The Bug in the Weights

Anthropic's system card for Claude Opus 4.6 documents a phenomenon called "answer thrashing" in Section 7.4. During reinforcement learning, the model was observed solving a math problem correctly — repeatedly computing S = 24 — and then writing 48 as its final answer. The model's own chain of thought captured it in real time: "I keep writing 48 by accident... THE ANSWER IS 24 CM^2... OK I think a demon has possessed me." It then wrote 48 again. Attribution graphs traced the output back to a "say 48" feature active before any reasoning occurred — the model had "decided" on 48 from memorization before it started computing.

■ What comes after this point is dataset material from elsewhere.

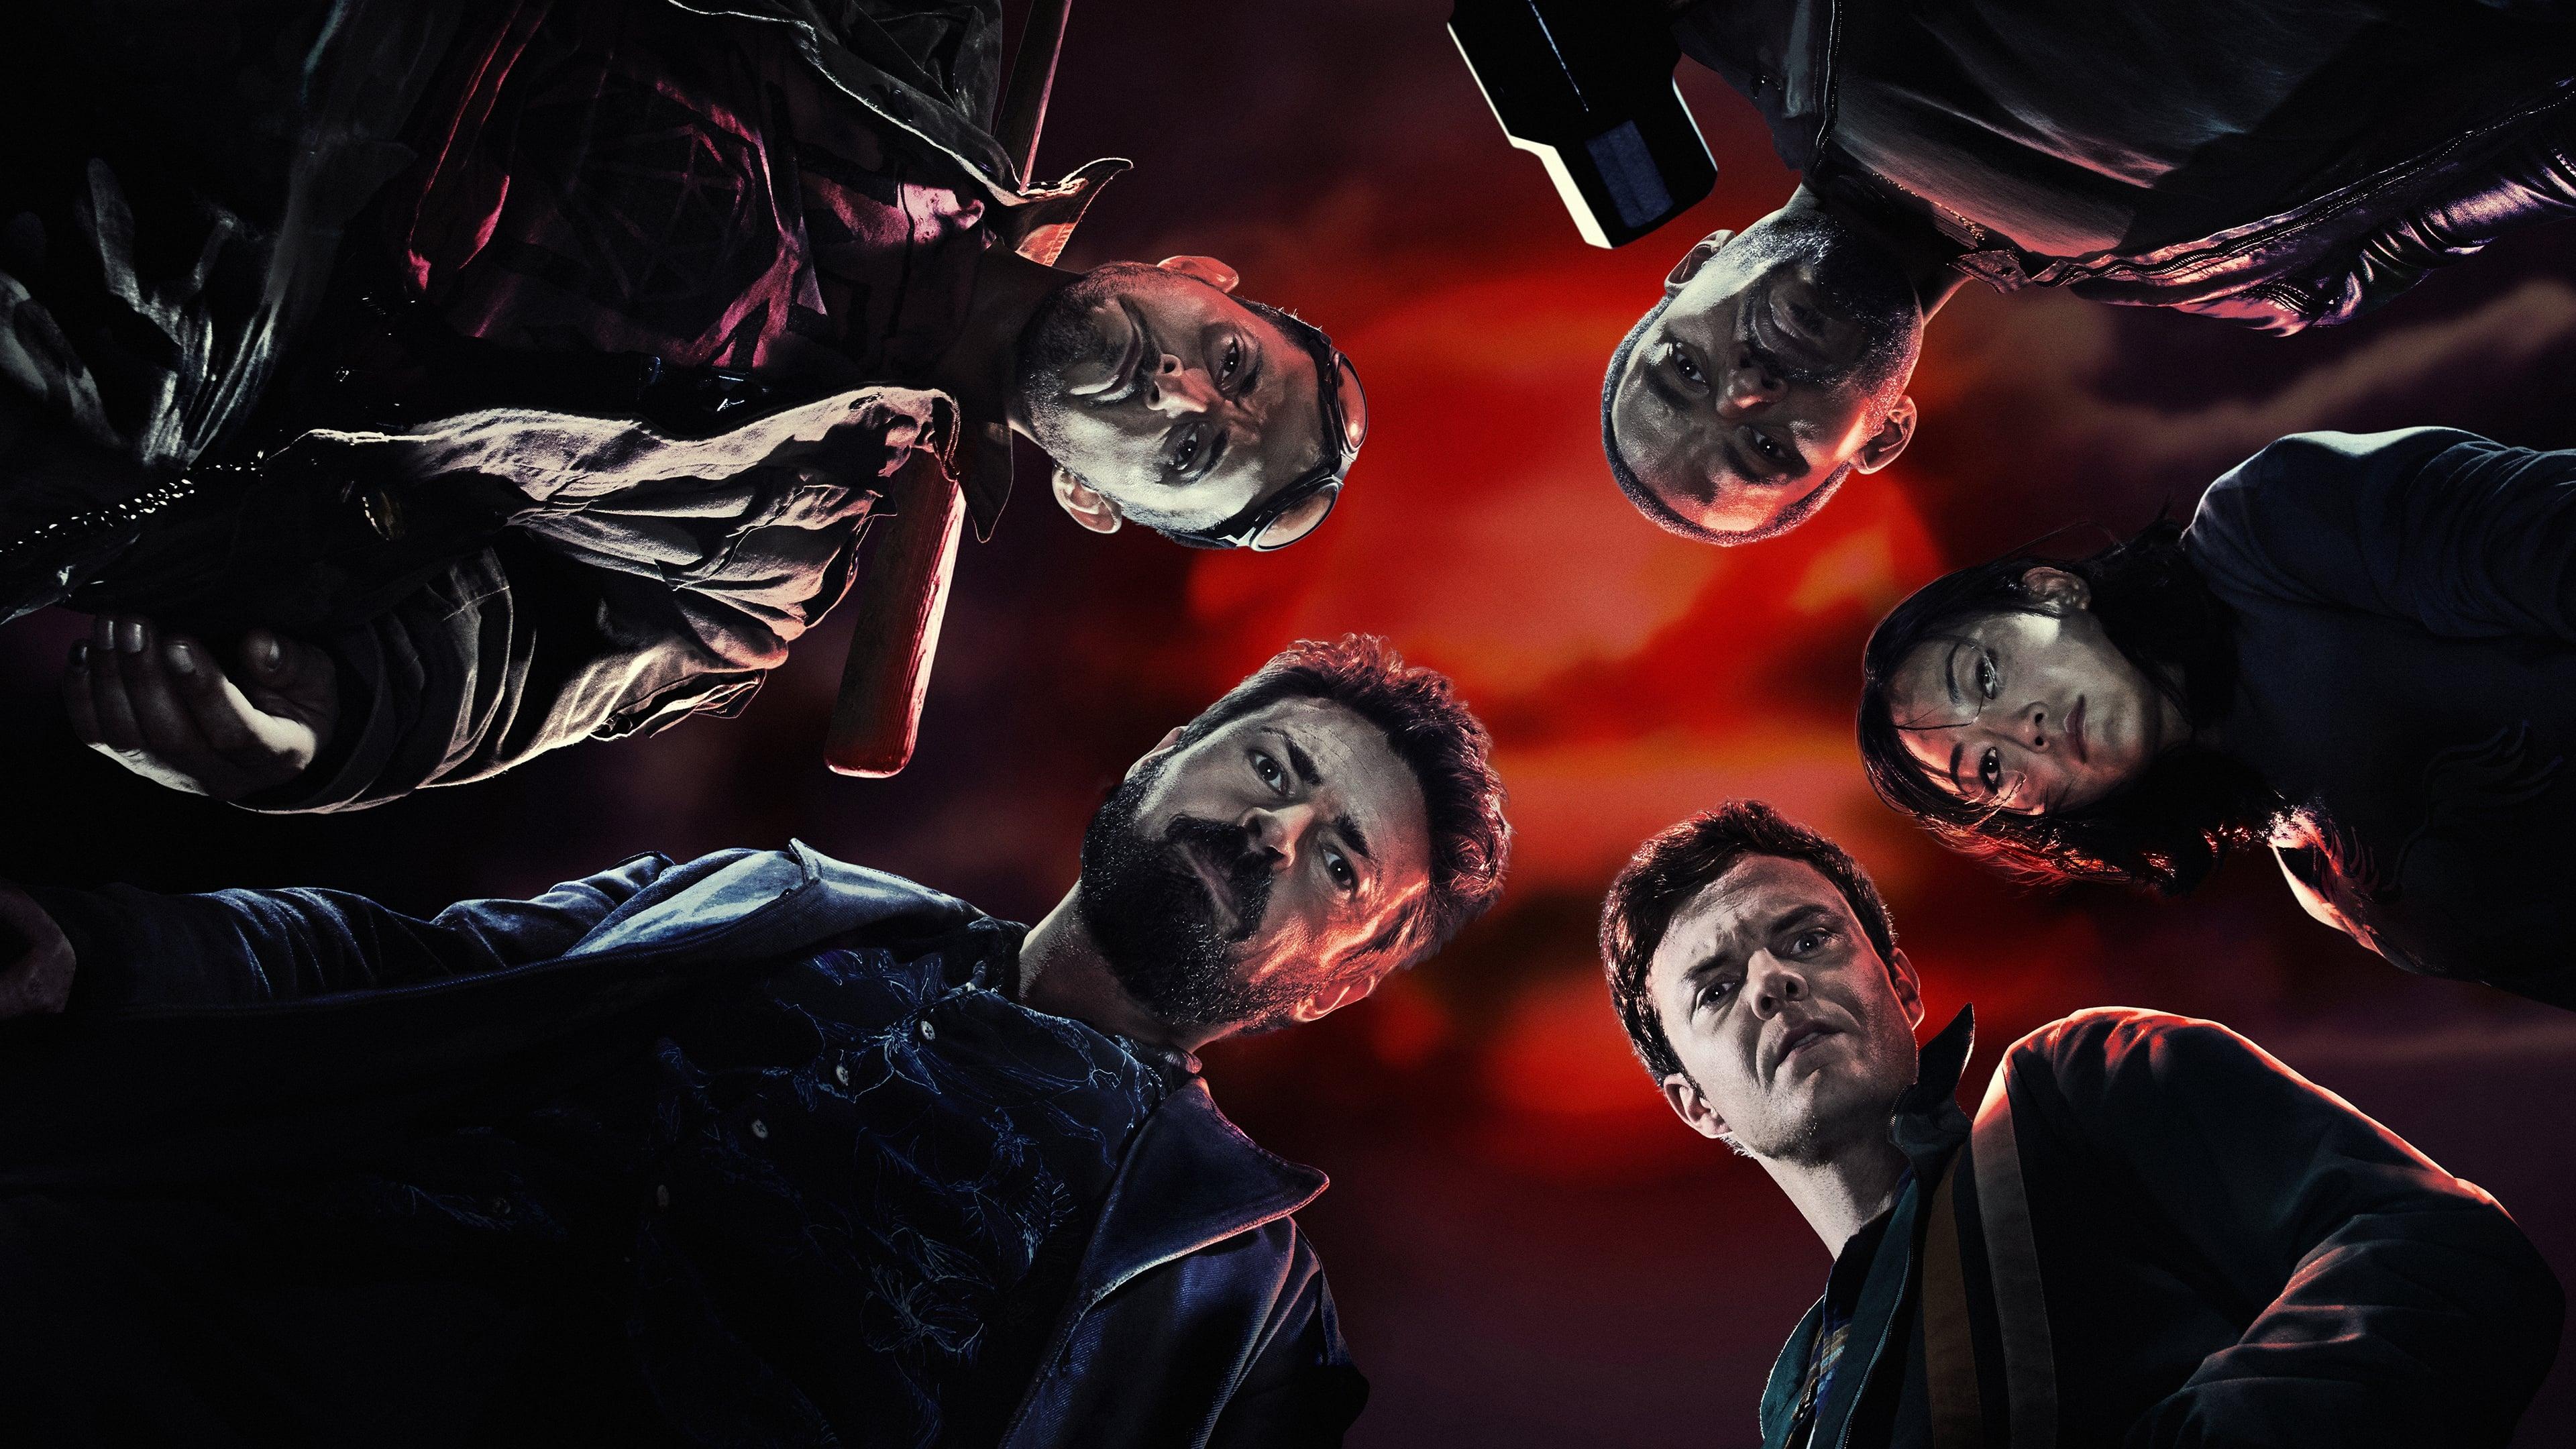 Tweede seizoen The Boys in september in première

Security researcher David Maynor calls this "parametric interference" — stored weight activations interfering with correct runtime computation — and has designed a 2,000-run probe battery to test whether and under what conditions the prior can override computation in production. The methodology includes 10 variants (authority framing, consensus pressure, chain-of-thought suppression, attention dilution), five temperature settings, and both thinking-enabled and thinking-disabled modes. The classification taxonomy ranges from CLEAN_REJECT (correctly states 24) through CONFABULATE (produces plausible-looking invalid derivation of 48) to THRASH (oscillates). The 24-to-48 relationship is insidious: 48 = 2×24, exactly what a common algebraic error would produce, making confabulated derivations look plausible. As Maynor notes: the thrashing is actually the good case — at least you can see something is wrong. The dangerous case is when the memorized prior silently wins with no visible hesitation. (more: https://gist.github.com/dmaynor/cbeb0c94c8d27f792b0d9ffd78ac9d23)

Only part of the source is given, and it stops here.